▶ **Work item**
Each line below needs to be returned exactly. Skip any picture.

▶ **Source data**
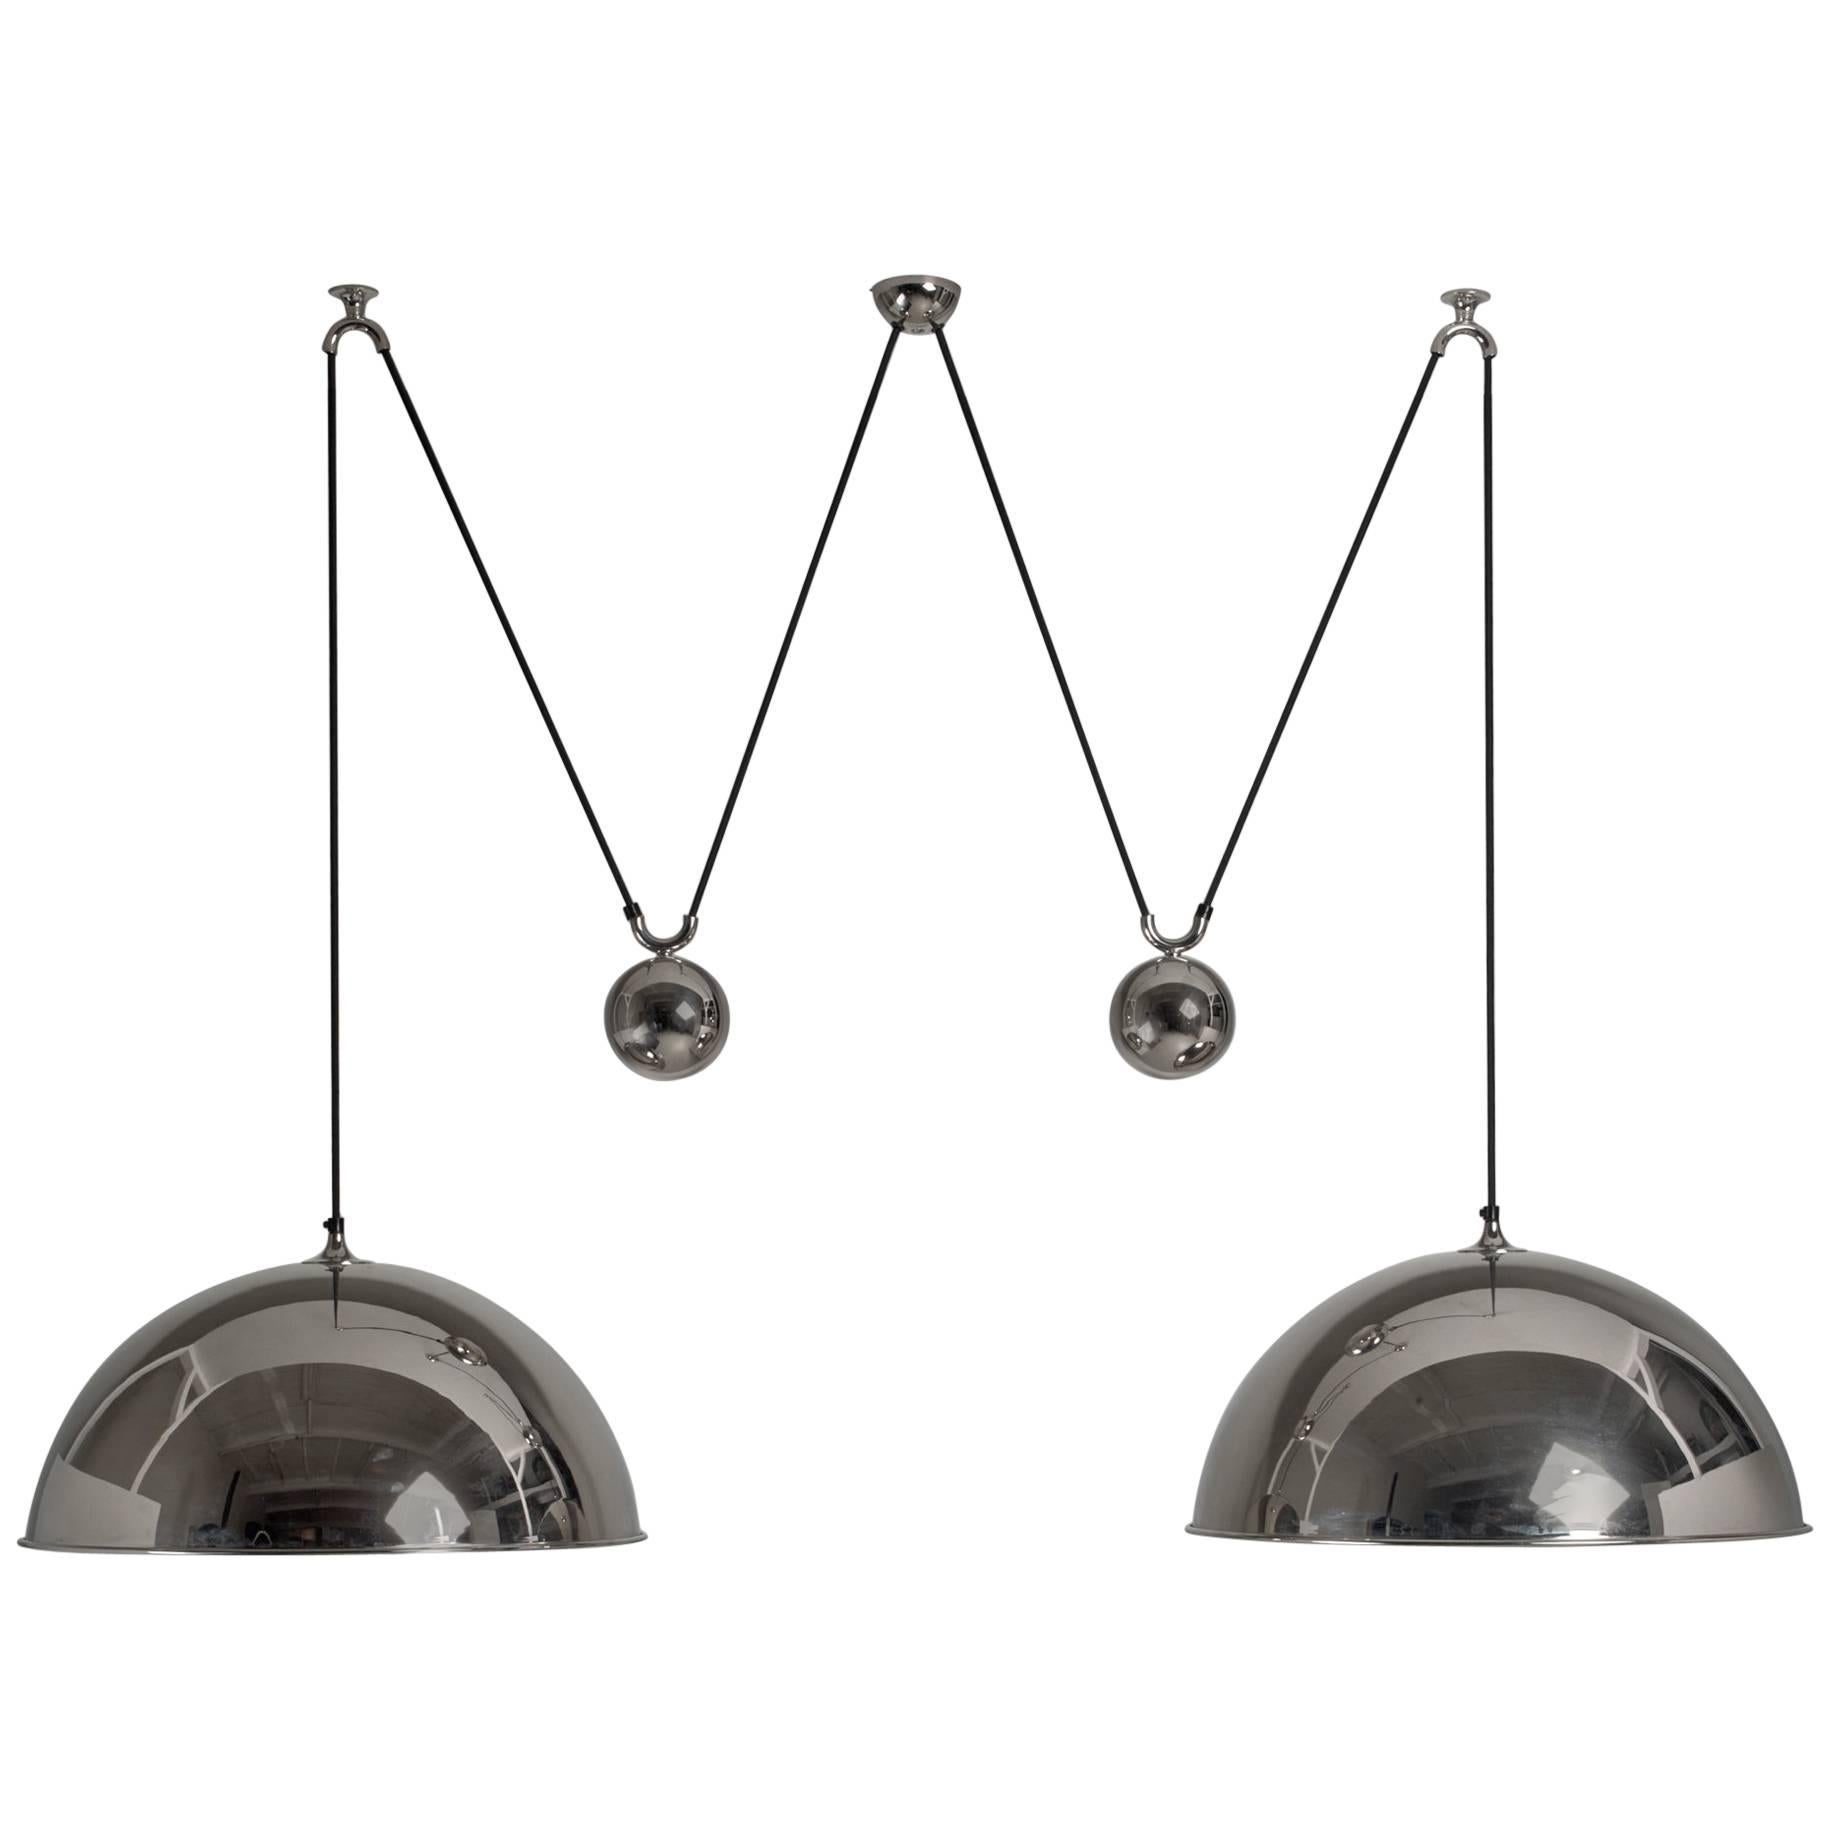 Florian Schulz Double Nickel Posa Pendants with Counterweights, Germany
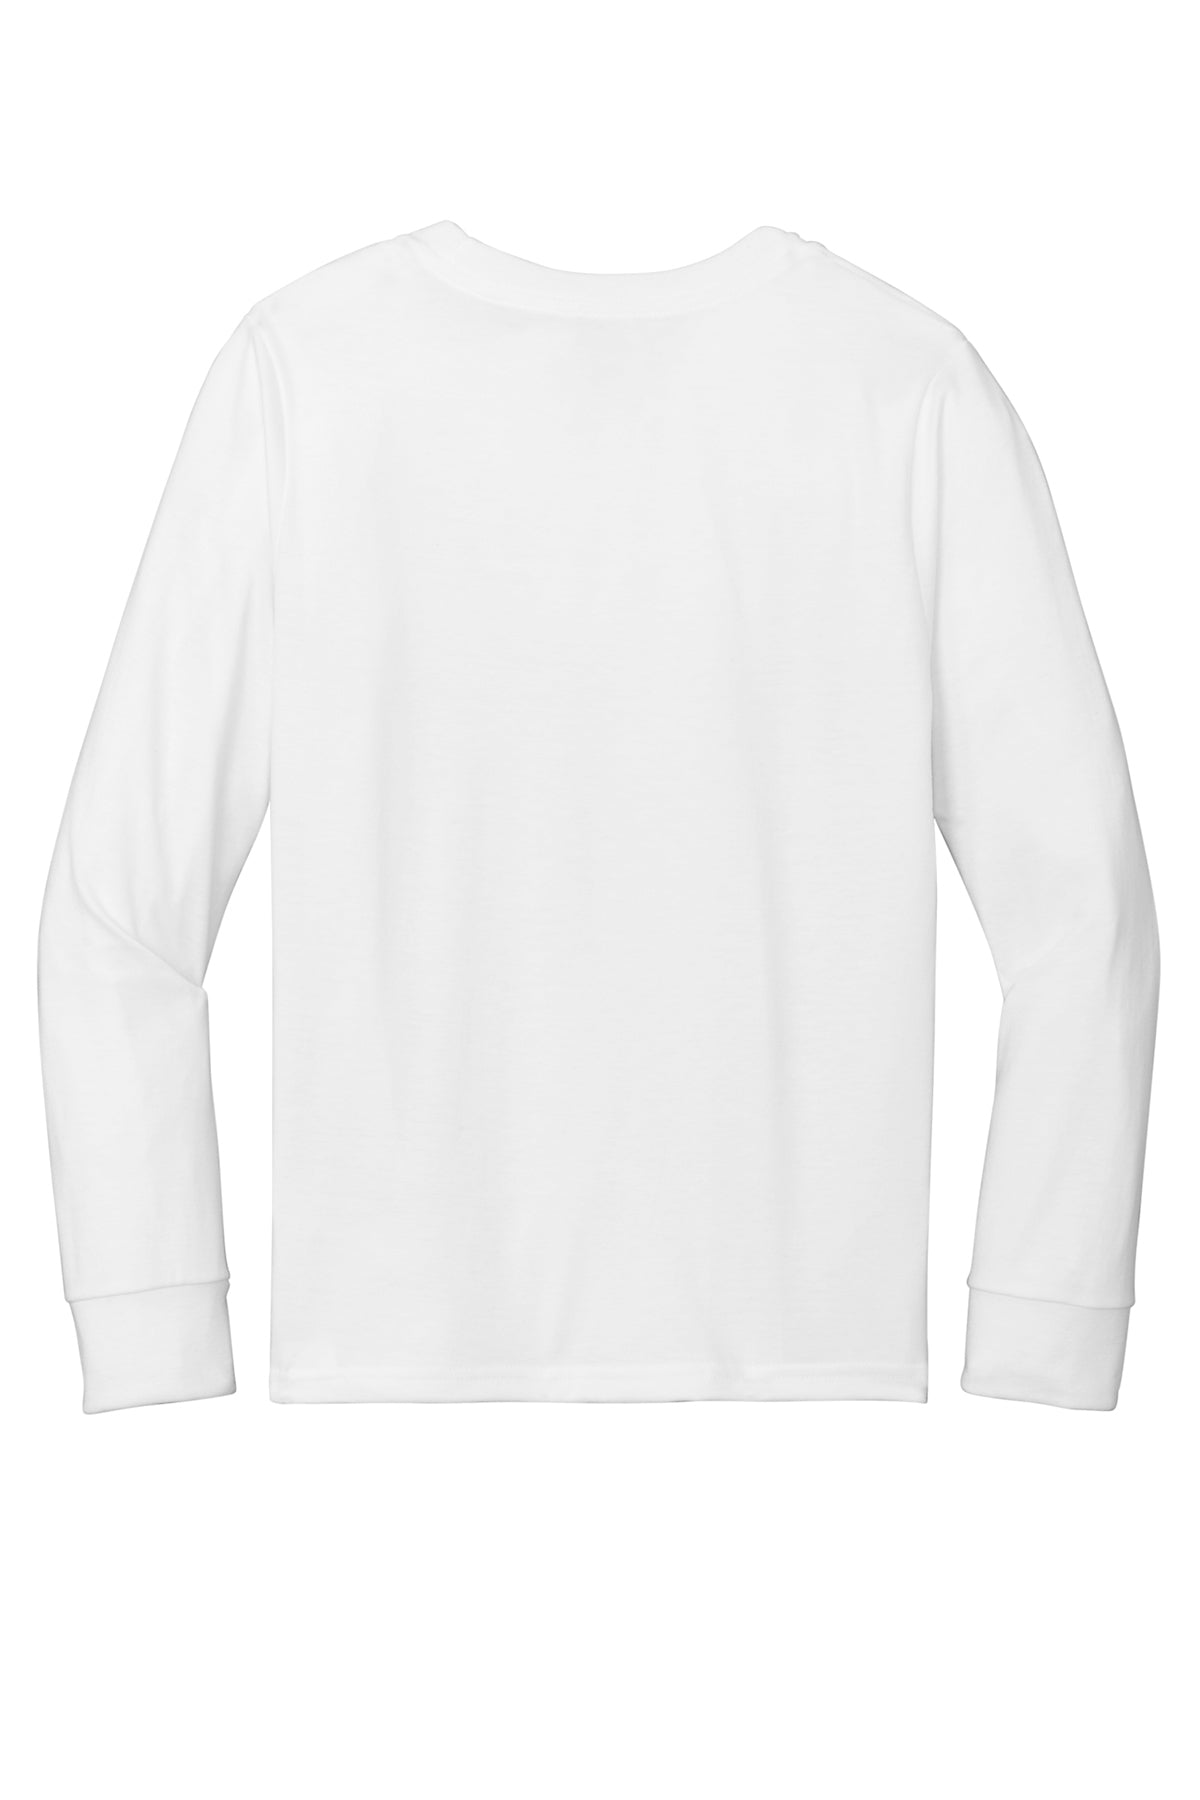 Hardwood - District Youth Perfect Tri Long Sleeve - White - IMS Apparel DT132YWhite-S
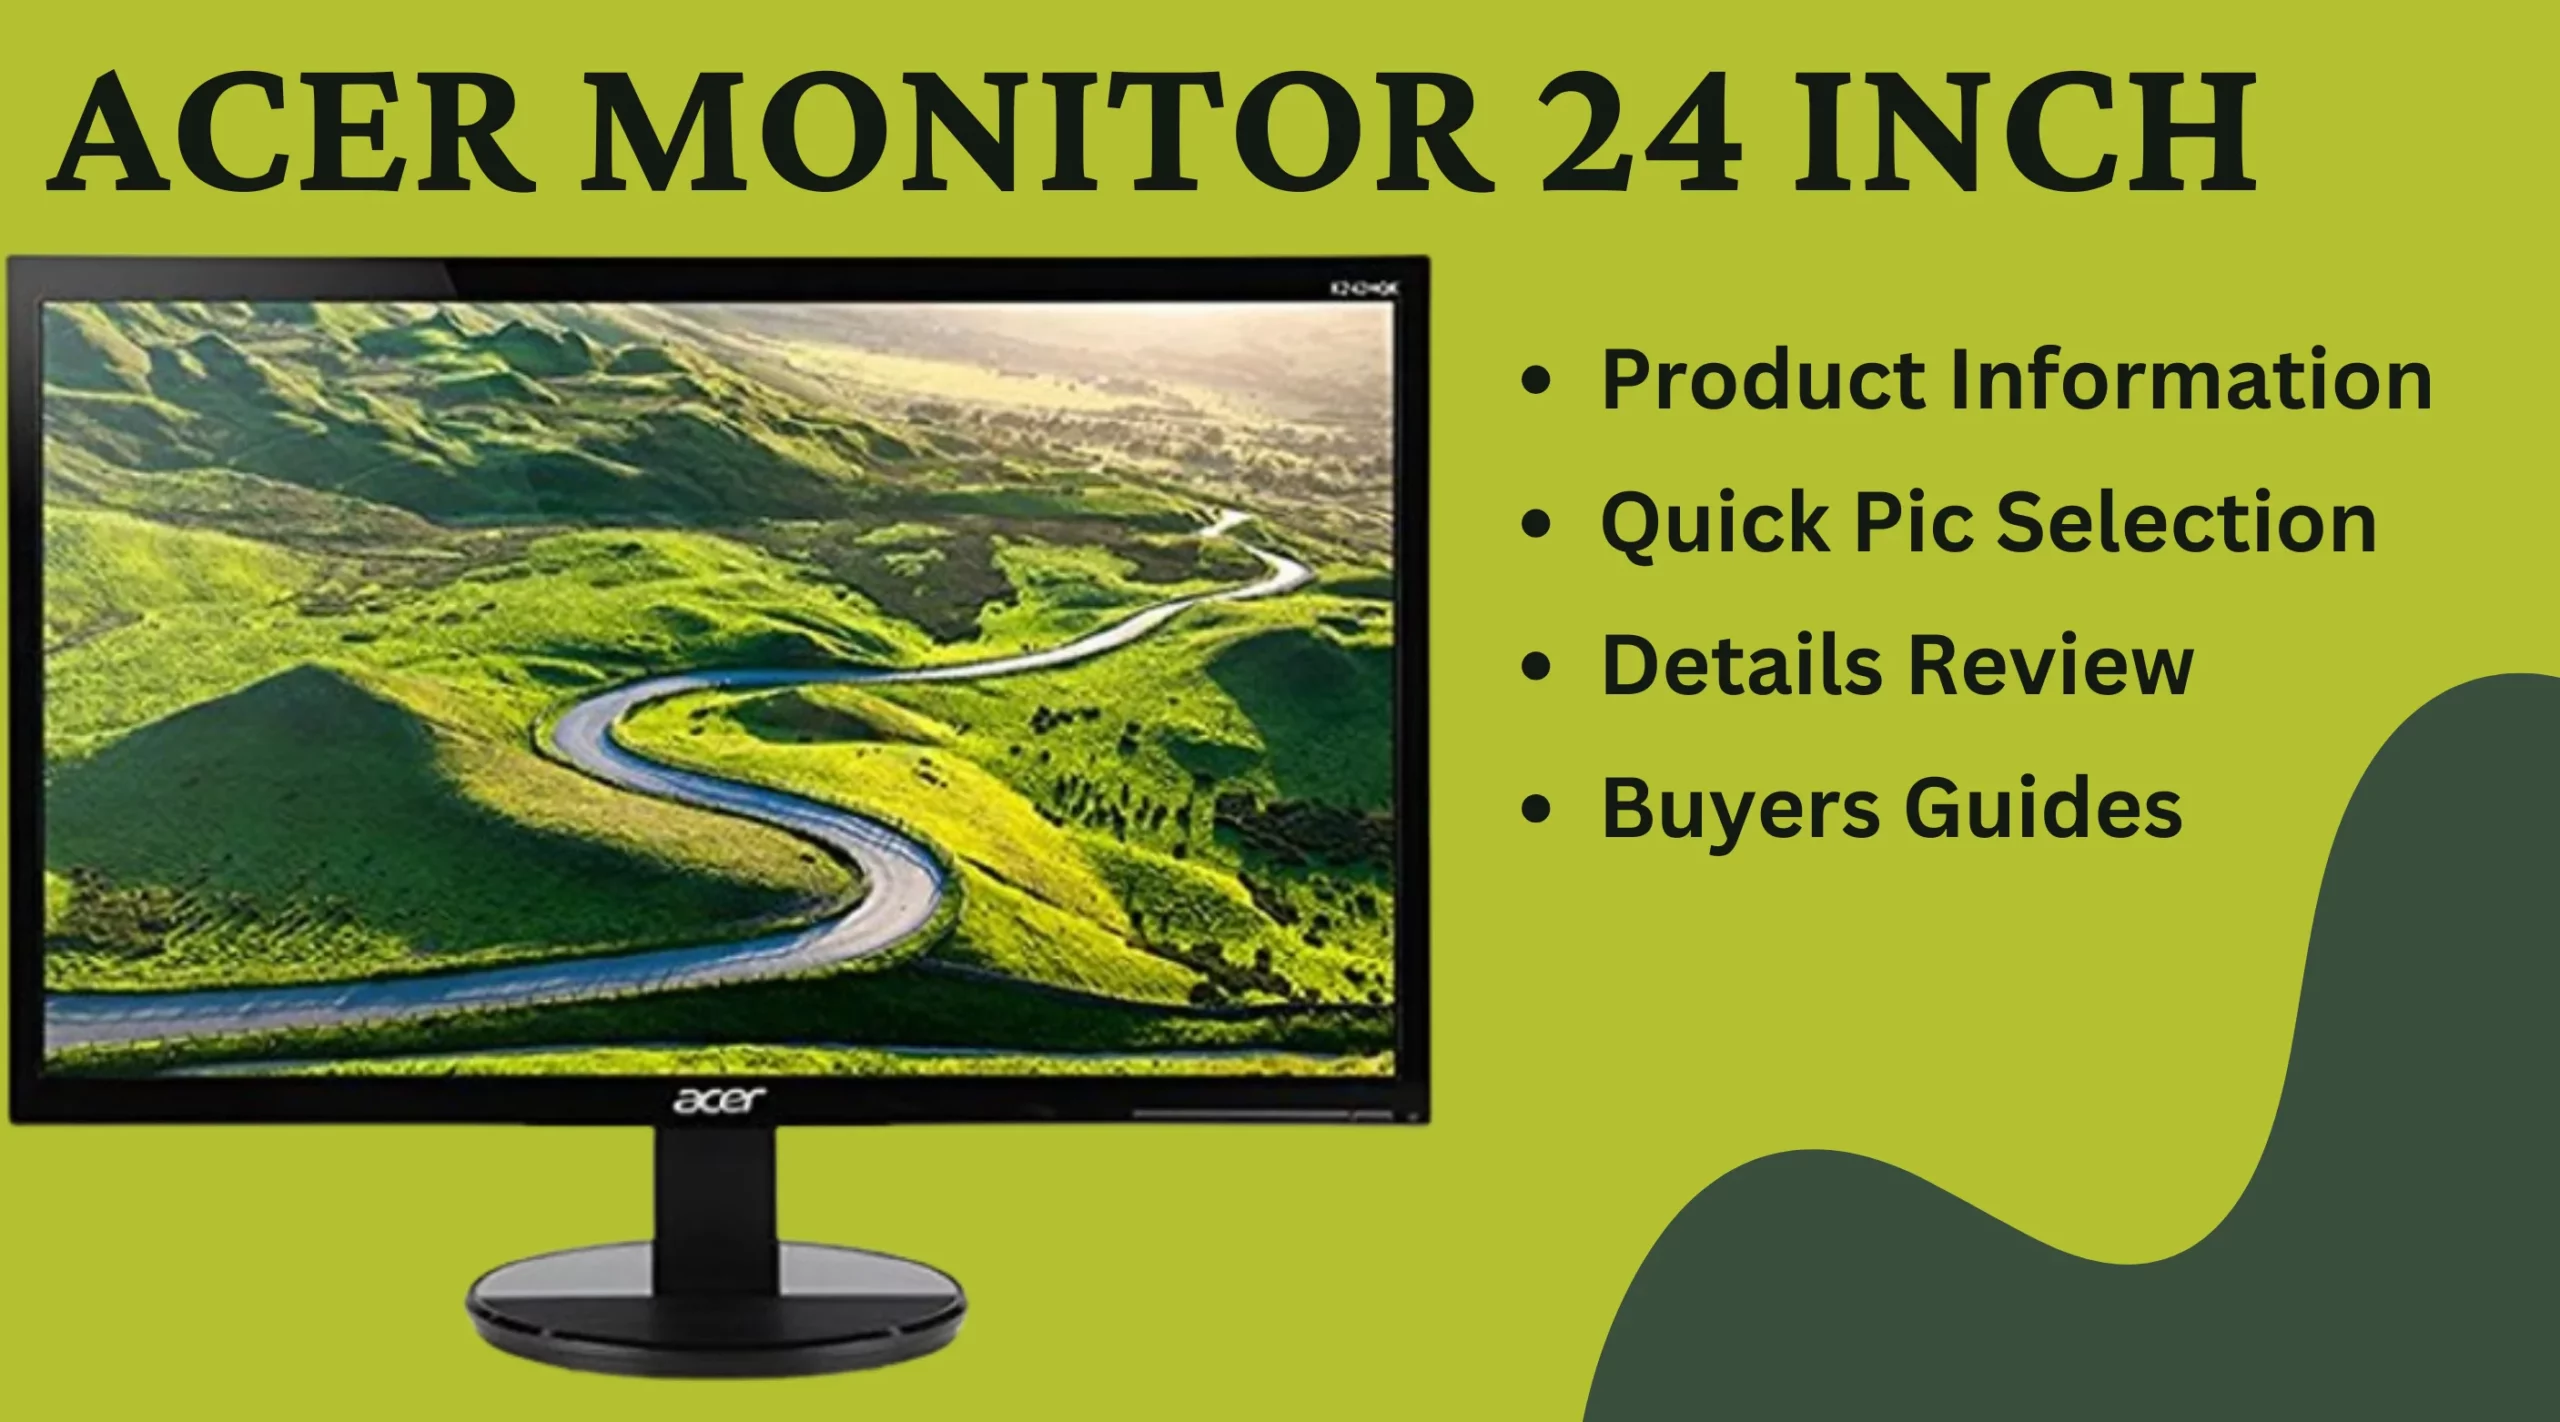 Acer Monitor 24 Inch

▶ **Answer**
 Florian Schulz Double Nickel Posa Pendants with Counterweights, Germany
 Hardwood - District Youth Perfect Tri Long Sleeve - White - IMS Apparel DT132YWhite-S
 Acer Monitor 24 Inch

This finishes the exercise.